In cases, where the lease reserves the service charge as rent and provides that it is recoverable as if rent, there is no need to serve a section 146 notice as a precursor to forfeiture proceedings in the event of non-payment. However, such service charges nevertheless fall within the statutory definition of “service charges” (section 18(1) of the L & T Act 1985) and are therefore subject to statutory protection. Consequently, forfeiture of the lease for non-payment of service charges reserved as rent is subject to the restrictions on forfeiture that are imposed by section 81 of the Housing Act 1996. These largely mirror the requirements of section 168 of the 2002 Act.

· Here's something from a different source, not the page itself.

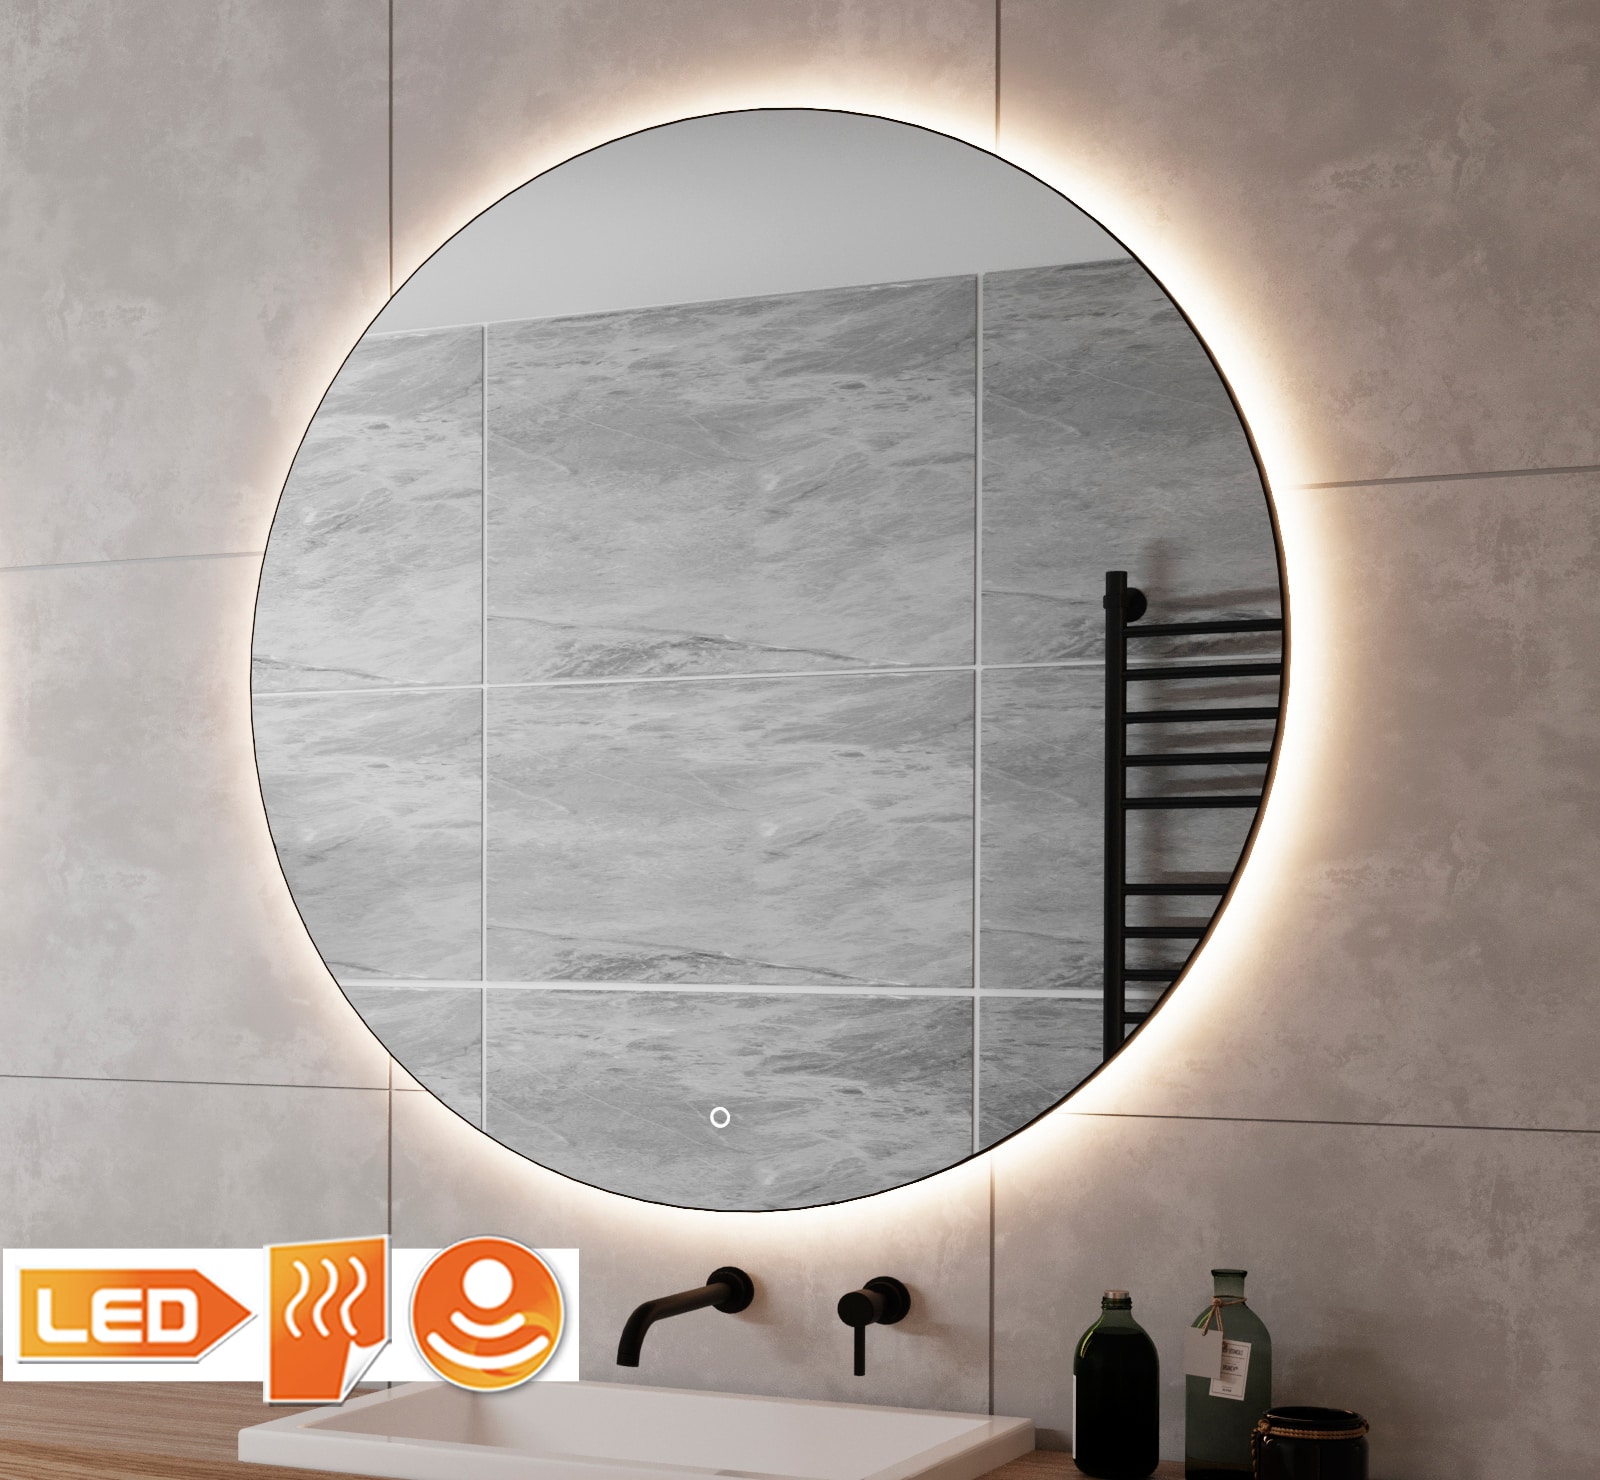 Ronde badkamerspiegel met indirecte verlichting, verwarming, touch sensor, dimfunctie mat frame 100x100 cm - Designspiegels

Case Study: Pullman Court, London

The difficulties can be illustrated by the recent LVT decision in Pullman Court (Claim No. LON/00AY/ LSC/2008/0354: decision dated 16th April 2009). PC is a block of approximately 200 flats. It has a RMC. The RMC had been badly let down by its former managing agents.

A very small minority of leaseholders, whose number included members of the previous board of the RMC (who had appointed these former managing agents) were in significant service charge arrears. However, most leaseholders were up-to-date with their service charge payments.

County Court proceedings were brought against the leaseholder (R) who owed the most, including undisputed elements of the service charge, such as the costs of insuring. The County Court entered judgment against R for the unpaid insurance and transferred the balance of the claim to the LVT.

A small number of leaseholders joined the proceedings before the LVT and, essentially, adopted R’s case. The final hearing before the LVT extended over six days, required expert evidence and resulted in the RMC incurring considerable legal costs.

Largely by reason of the action (or inaction) of the former managing agents, in failing, without good reason, to ensure compliance with the service charge consultation procedure, the LVT held that some elements of the arrears were irrecoverable. However, the balance of the arrears was determined by the LVT to be properly due and payable.

The LVT’s determination was endorsed by the County Court on application to the County Court (which was opposed by R, who had costs awarded against him). Consequently, in the event of continued non-payment by R all of the means of enforcing County Court judgement debts, including forfeiture, remain open to the RMC company. Similarly, it is now open to the RMC to serve section 146 notices and, if need be, to forfeiture the leases should the arrears and costs not be paid.